======== Source records ========

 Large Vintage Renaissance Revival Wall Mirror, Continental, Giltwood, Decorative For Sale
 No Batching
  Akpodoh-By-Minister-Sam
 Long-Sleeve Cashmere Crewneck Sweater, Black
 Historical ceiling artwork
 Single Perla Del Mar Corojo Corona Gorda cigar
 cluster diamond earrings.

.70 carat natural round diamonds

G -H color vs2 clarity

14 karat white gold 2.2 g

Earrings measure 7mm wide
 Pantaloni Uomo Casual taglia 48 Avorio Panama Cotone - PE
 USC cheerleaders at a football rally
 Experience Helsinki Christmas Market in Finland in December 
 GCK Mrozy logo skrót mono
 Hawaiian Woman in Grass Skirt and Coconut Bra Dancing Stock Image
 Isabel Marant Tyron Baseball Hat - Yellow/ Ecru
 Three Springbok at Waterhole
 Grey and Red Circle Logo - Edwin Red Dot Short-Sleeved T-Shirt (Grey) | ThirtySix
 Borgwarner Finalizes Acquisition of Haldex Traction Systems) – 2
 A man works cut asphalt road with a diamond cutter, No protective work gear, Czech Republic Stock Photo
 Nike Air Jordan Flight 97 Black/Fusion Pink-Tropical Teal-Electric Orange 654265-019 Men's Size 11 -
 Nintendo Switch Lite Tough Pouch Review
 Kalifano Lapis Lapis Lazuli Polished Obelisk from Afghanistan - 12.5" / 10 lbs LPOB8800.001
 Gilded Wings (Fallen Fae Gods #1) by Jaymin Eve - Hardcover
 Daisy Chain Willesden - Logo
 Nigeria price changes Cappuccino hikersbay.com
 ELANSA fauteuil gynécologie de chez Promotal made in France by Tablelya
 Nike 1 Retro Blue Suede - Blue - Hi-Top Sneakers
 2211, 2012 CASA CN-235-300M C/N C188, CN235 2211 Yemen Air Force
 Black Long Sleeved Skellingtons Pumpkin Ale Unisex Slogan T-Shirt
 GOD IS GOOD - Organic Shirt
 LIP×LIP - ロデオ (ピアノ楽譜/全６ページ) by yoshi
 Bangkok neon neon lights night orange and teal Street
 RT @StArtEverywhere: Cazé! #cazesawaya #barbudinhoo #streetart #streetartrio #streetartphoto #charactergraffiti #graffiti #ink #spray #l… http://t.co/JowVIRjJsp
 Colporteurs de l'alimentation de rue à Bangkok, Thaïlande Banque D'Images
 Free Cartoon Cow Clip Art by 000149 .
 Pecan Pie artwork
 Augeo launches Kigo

========

Task to carry out = Whenever "artwork" occurs in a line above, copy that line.

Your solution =
 Historical ceiling artwork
 Pecan Pie artwork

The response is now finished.